Crystals of E. coli triosephosphate isomerase were obtained as a contaminant and its structure was determined to 1.85 Å resolution.
Keywords: crystallization contaminants, triosephosphate isomerase, TIM
Abstract
Attempts to crystallize several mammalian proteins overexpressed in Escherichia coli revealed a common contaminant, triosephosphate isomerase, a protein involved in glucose metabolism. Even with triosephosphate isomerase present in very small amounts, similarly shaped crystals appeared in the crystallization drops in a number of polyethylene glycol-containing conditions. All of the target proteins were His-tagged and their purification involved immobilized metal-affinity chromatography (IMAC), a step that was likely to lead to triosephosphate isomerase contamination. Analysis of the triosephosphate isomerase crystals led to the structure of E. coli triosephosphate isomerase at 1.85 Å resolution, which is a significant improvement over the previous structure.
1. Introduction
Protein crystallization depends on numerous factors.
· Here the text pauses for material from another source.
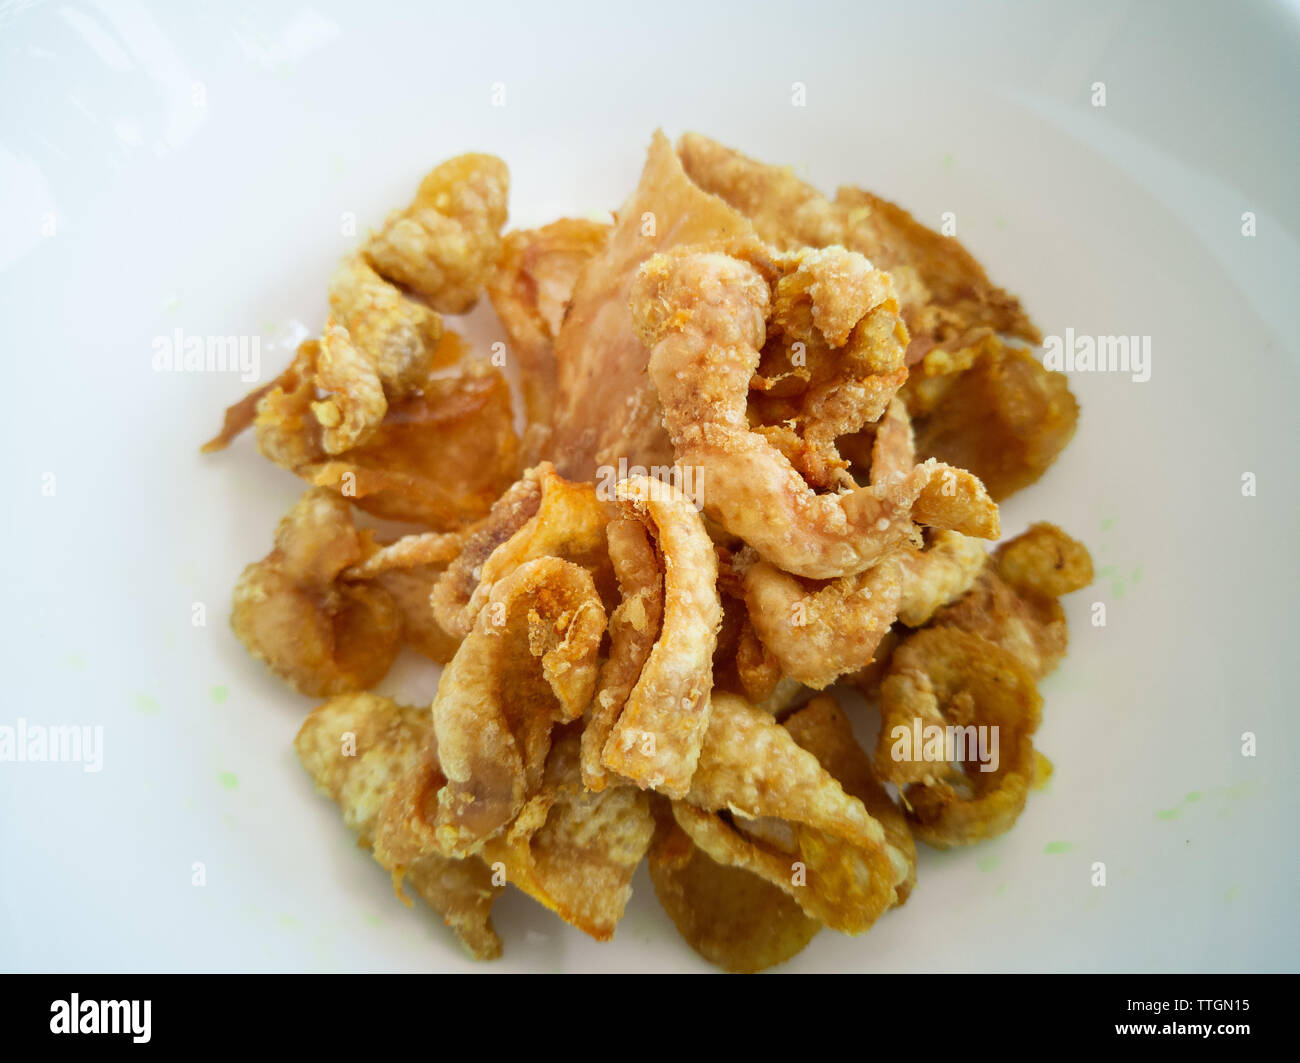 Close up of deep-fried chicken skins in a white bowl. Stock Photo

The crystallizability of a given protein is still difficult to predict, although protein purity is considered to be an important factor in obtaining diffracting crystals of a particular protein. The introduction of expression tags greatly improves the purity of proteins produced for structural studies through the application of affinity columns. However, the presence of even small amounts of contaminants that crystallize easily may result in crystals of the contaminants instead of the target proteins. Structure determination of these crystals significantly detours projects, diverting resources and human time. There are several examples in the literature of the crystallization of contaminants of membrane proteins (Veesler et al., 2008 ▶; Psakis et al., 2009 ▶; Panwar et al., 2012 ▶), but relatively few documented examples of the crystallization of contaminants of soluble proteins (Lohkamp & Dobritzsch, 2008 ▶). The description of common crystallization contaminants will help to identify crystals of these contaminants during the early stages of a project, saving a significant amount of time and laboratory resources.
Here, we found the same type of crystals during crystallization trials of four different proteins. Structure determination at 1.85 Å resolution identified the crystallized protein as E. coli triosephosphate isomerase (TIM). TIM is a glycolytic enzyme that catalyzes the isomerization of dihydroxyacetone phosphate (DHAP) to d-glyceraldehyde 3-phosphate (GAP) (for a recent review, see Wierenga et al., 2010 ▶). In all cases, TIM crystallized in a range of polyethylene glycol (PEG)-containing crystallization conditions in the same crystal form.
2. Materials and methods
2.1. Cloning, protein expression and purification
The 46.7 kDa mouse calreticulin (residues 18–416) was cloned into pET15b (Novagen) and expressed in E. coli BL21(DE3) in rich (LB) medium as an N-terminally His-tagged fusion protein. Bacterial cultures were grown at 310 K with shaking until the absorbance measured at 600 nm reached 0.7. Protein expression was induced with 1 mM isopropyl β-d-1-thiogalactopyranoside and the cultures were shaken for 4 h at 303 K.
The 26.8 kDa N-terminal fragment of human PDIR (residues 29–256) was cloned into pET15b (Novagen) and expressed in E. coli BL21(DE3) in rich (LB) medium as an N-terminally His-tagged fusion protein. Bacterial cultures were grown at 310 K with shaking until the absorbance measured at 600 nm reached 0.7. Protein expression was induced with 1 mM isopropyl β-d-1-thiogalactopyranoside and the cultures were shaken for 4 h at 303 K.
The 58.3 kDa human PDIR (residues 22–519) was cloned into pET23b (Novagen) and expressed in E. coli Rosetta-gami 2 in rich (LB) medium as an N-terminally His-tagged fusion protein. Bacterial cultures were grown at 310 K with shaking until the absorbance measured at 600 nm reached 0.7. Protein expression was induced with 1 mM isopropyl β-d-1-thiogalactopyranoside and the cultures were shaken overnight at 289 K.
The 52.5 kDa human endo-α-1,2-mannosidase (residues 27–462) was cloned into pColdI vector (Takara) and expressed in E. coli Rosetta-gami 2 in rich (LB) medium as an N-terminally His-tagged fusion protein. Bacterial cultures were grown at 310 K with shaking until the absorbance measured at 600 nm reached 0.7. Protein expression was induced with 0.2 mM isopropyl β-d-1-thiogalactopyranoside and the cultures were shaken overnight at 288 K.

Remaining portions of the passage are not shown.